If you want actually understand how the LRF format works and how the book is formatted on very low level, read the format spec and then download the BBeBinder from Google Code. It is C# 2.0 project, which aims to create something similar that BookDesigner – but as opensource, GPL-ed application. It is very early version (0.2) but in the true spirit of opensource, it actually (mostly) works. I have downloaded it and looked inside the code. The solution contains BBeB encoding/decoding library and main program, which was nicely designed with extensibility in mind. Using plugins, it allows to add additional input data formats (currently works well for text files, some HTML and I had mixed results with others).

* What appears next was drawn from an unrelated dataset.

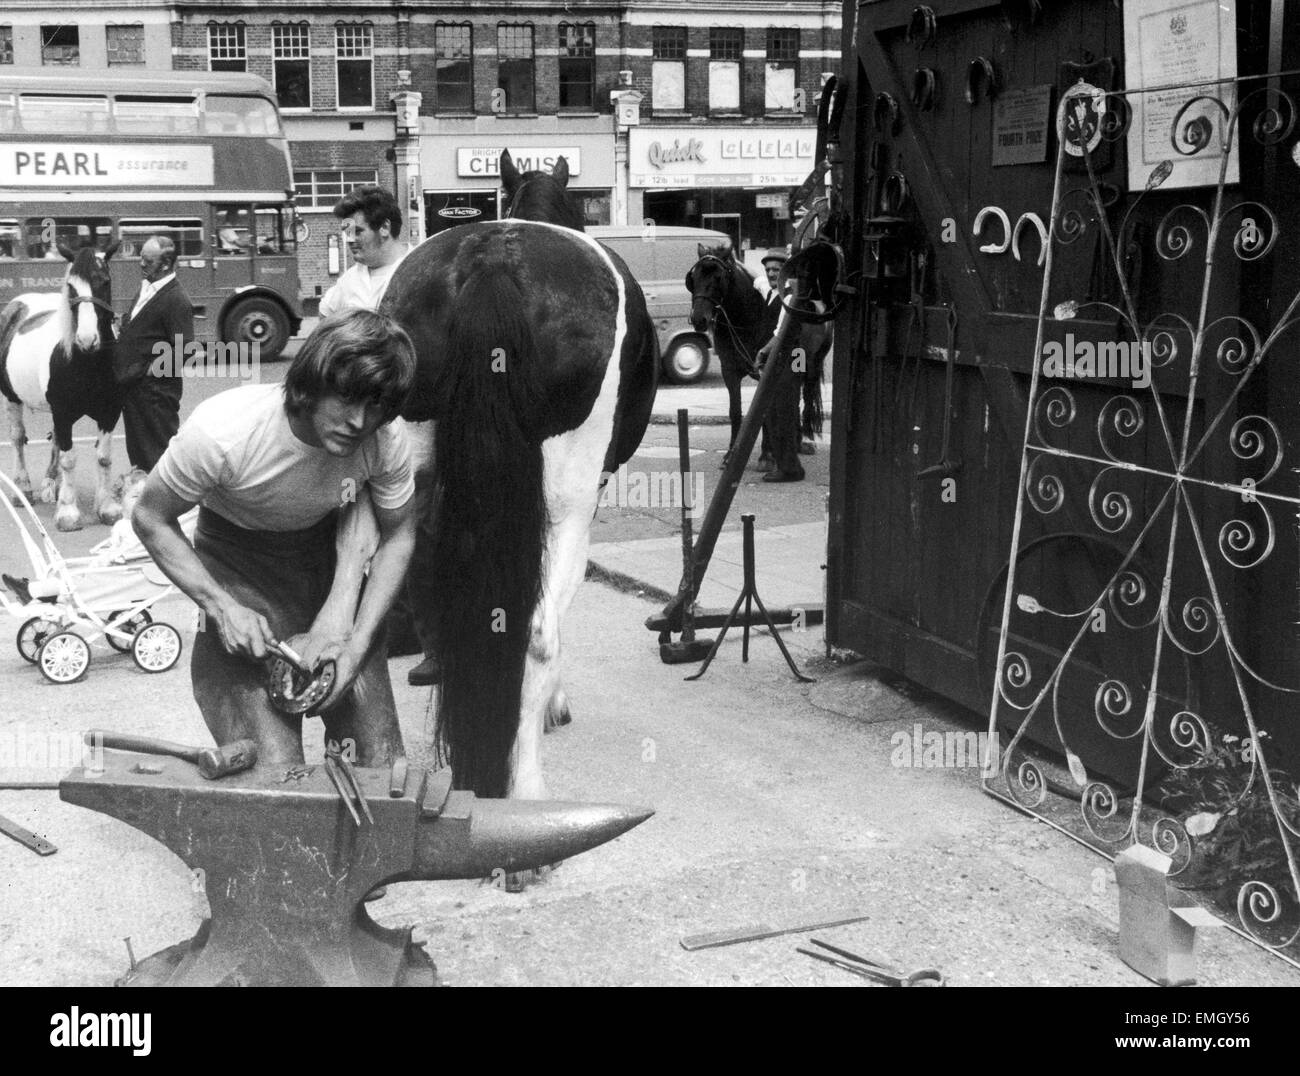 23 year old Londoner Derek Dewdney the village blacksmith of Brent, London, shoes the horses at his forge against a back cloth of a teeming street as tankers, trucks and buses thunder by. 30th July 1970 Stock Photo

If both of my projects were not in C# space (which is causing me being slightly over-see-sharped at the moment), I would not mind volunteering few hours into this – to make sure that Central European encoding is handled OK :-).

Advertisements

Sony eBook Reader – software updated

2007/03/21

After few weeks, I have got back to actually using my PRS500 again and I have finished the books loaded on the device. When I have connected the reader, first the CONNECT software as well as the PRS500 downloaded the updates. The firmware in reader is up to version 1.0.02.0130 from 1.0.00.21081 and should bring longer battery life and stability improvements. It better does, because so far the battery life is nowhere in the proclaimed range of 7000 page turns … Time will show.

The desktop software update actually did improve user experience a lot – it went from “terrible” to “almost acceptable”. New version added full screen preview mode and the interaction with CONNECT is much more pleasant – it does not freeze any more, contains “Eject” button to disconnect the Reader and (although it may be subjective feeling) the communication with the device is much faster. The program looks more and more like iTunes 🙂 – but I have no problem with that …

Last thing to do is to verify whether Sony did not install some rootkit, trojan or another pest on my machine. Since the last debacle with rootkit DRM I simply do not trust them any more. Good news is that the update did not require reboot, which lessens the likelyhood of a rootkit …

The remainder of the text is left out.